Word for word, retype the lines from the one containing "Vrijmarkt in centrum" to the one containing "Infografía de graduados" below, keeping both end lines and dropping the pictures.

PROVIDED DATA →
============

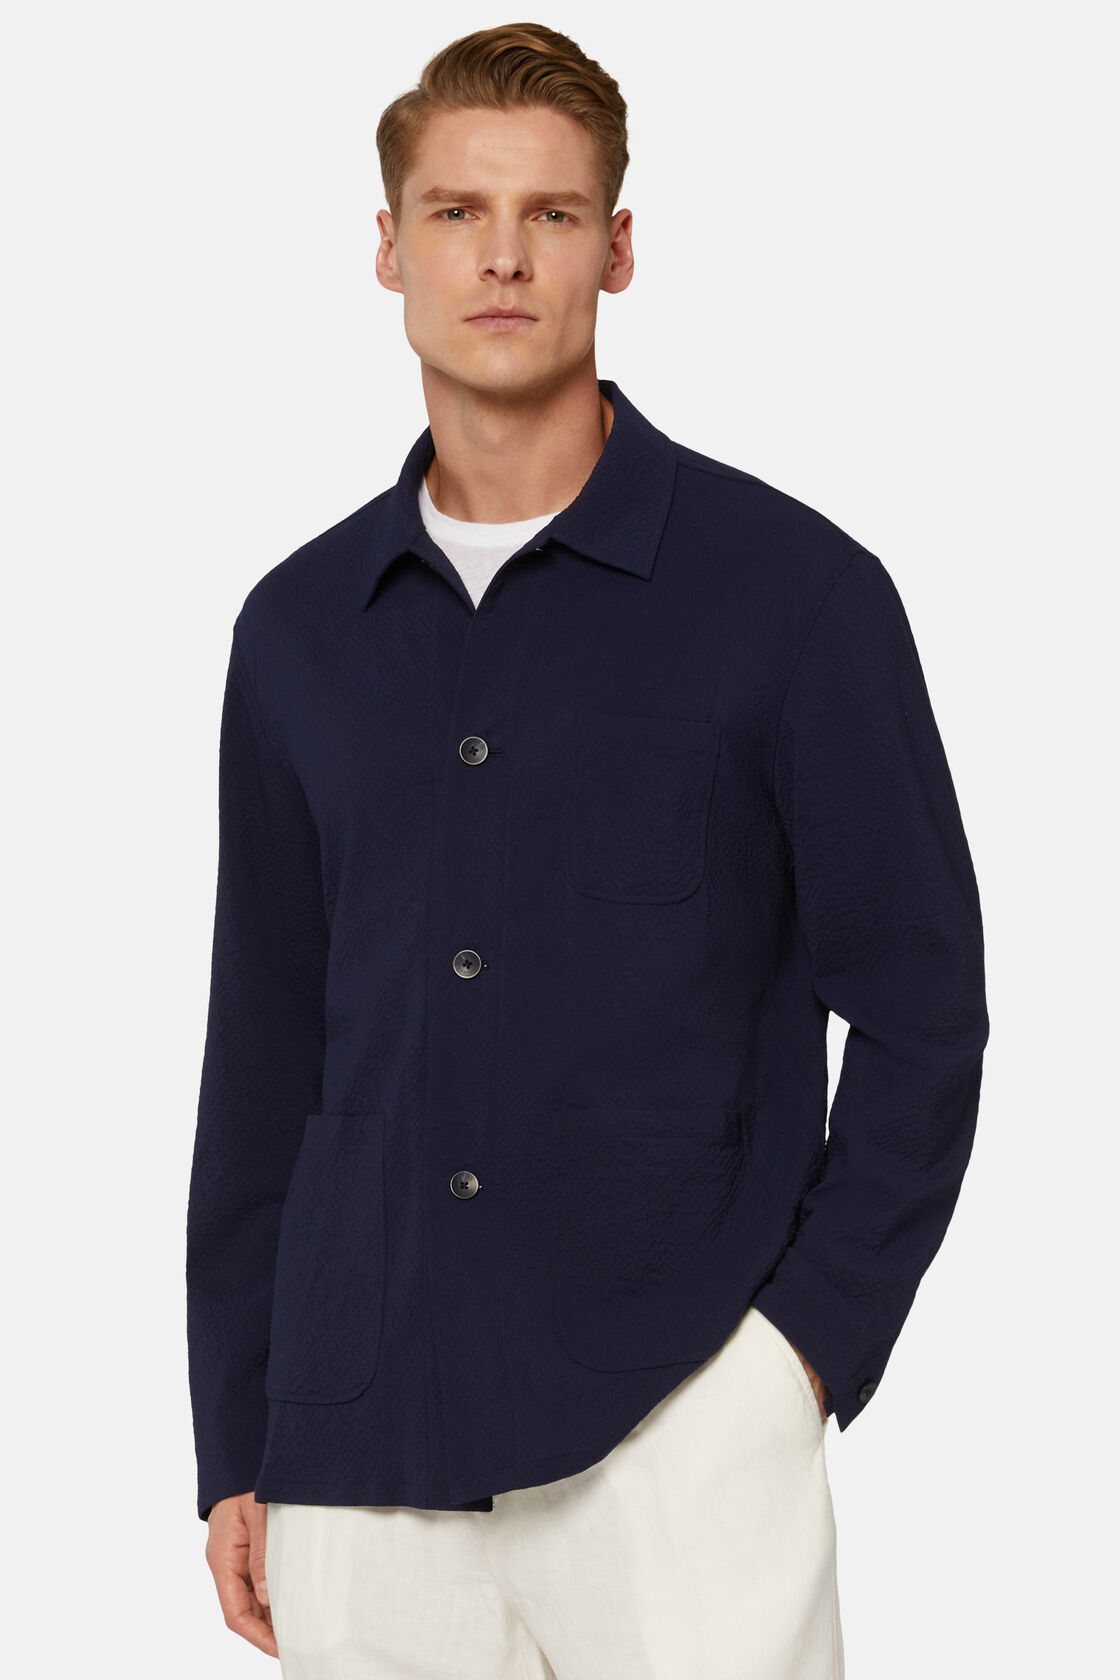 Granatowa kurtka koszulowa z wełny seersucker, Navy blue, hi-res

============

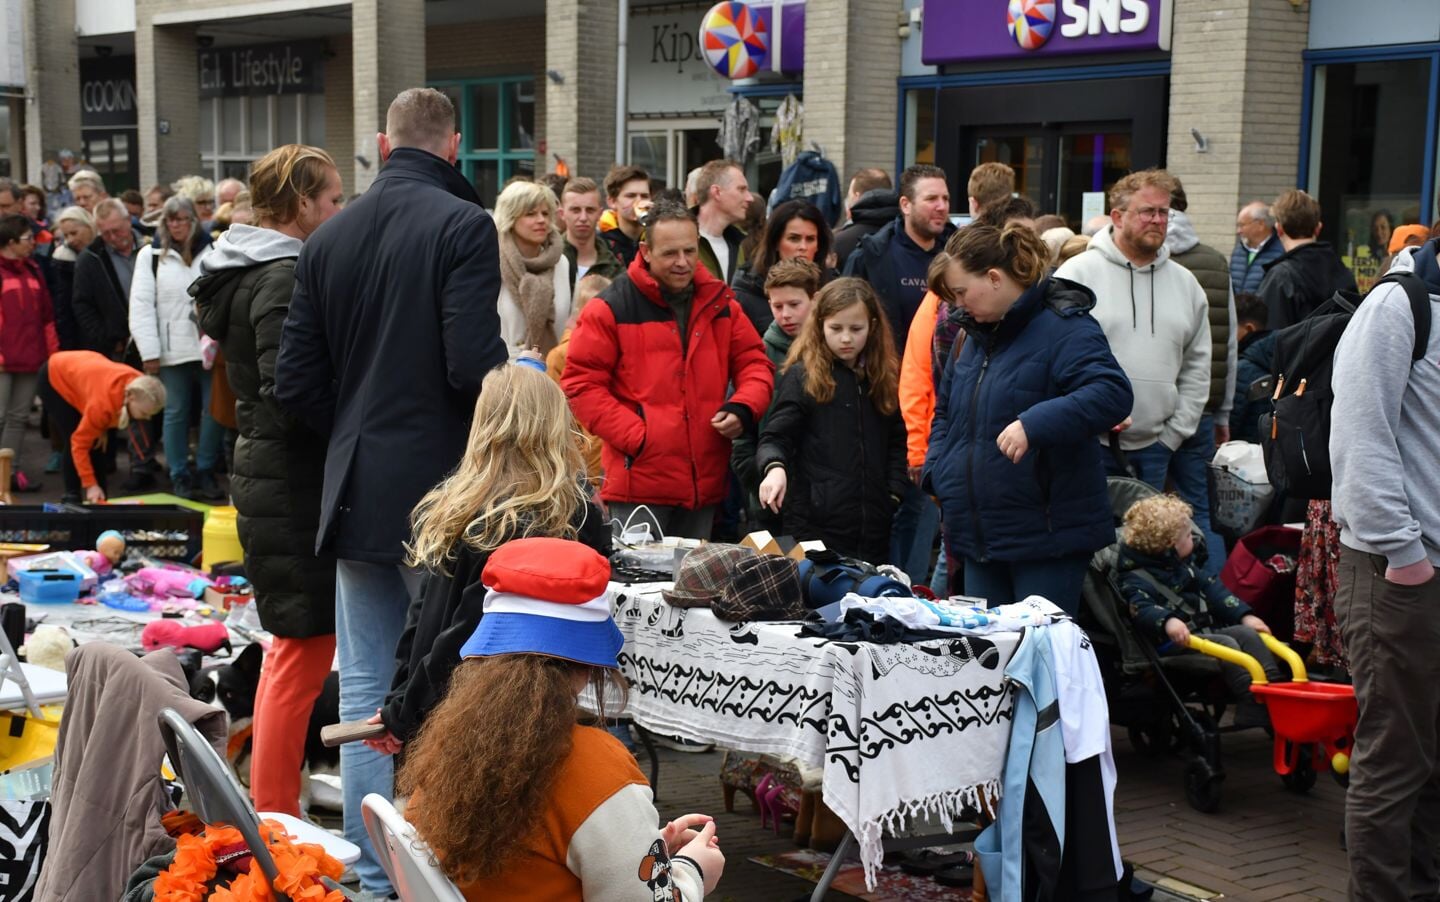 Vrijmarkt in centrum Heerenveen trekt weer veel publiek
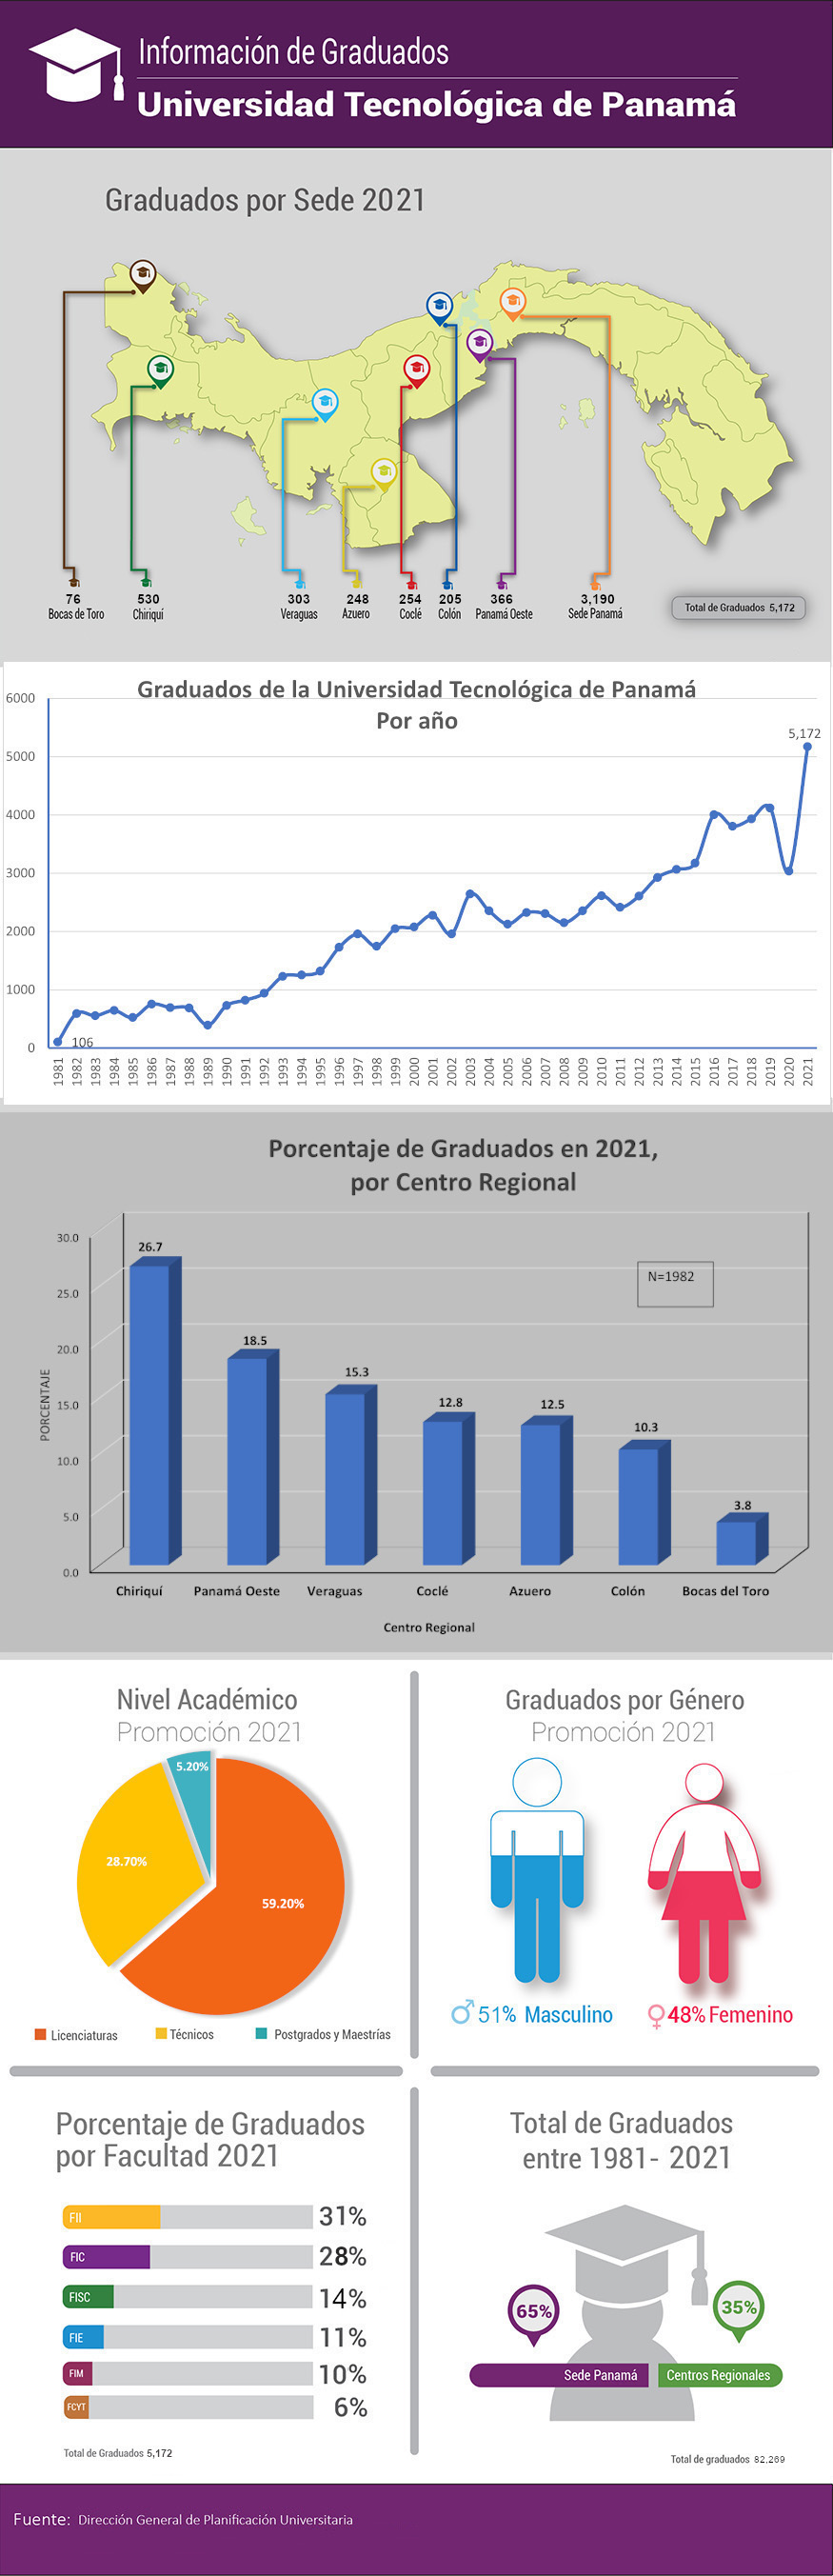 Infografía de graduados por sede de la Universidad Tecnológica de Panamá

============

PROBLEM SOLUTION →
 Vrijmarkt in centrum Heerenveen trekt weer veel publiek
 Infografía de graduados por sede de la Universidad Tecnológica de Panamá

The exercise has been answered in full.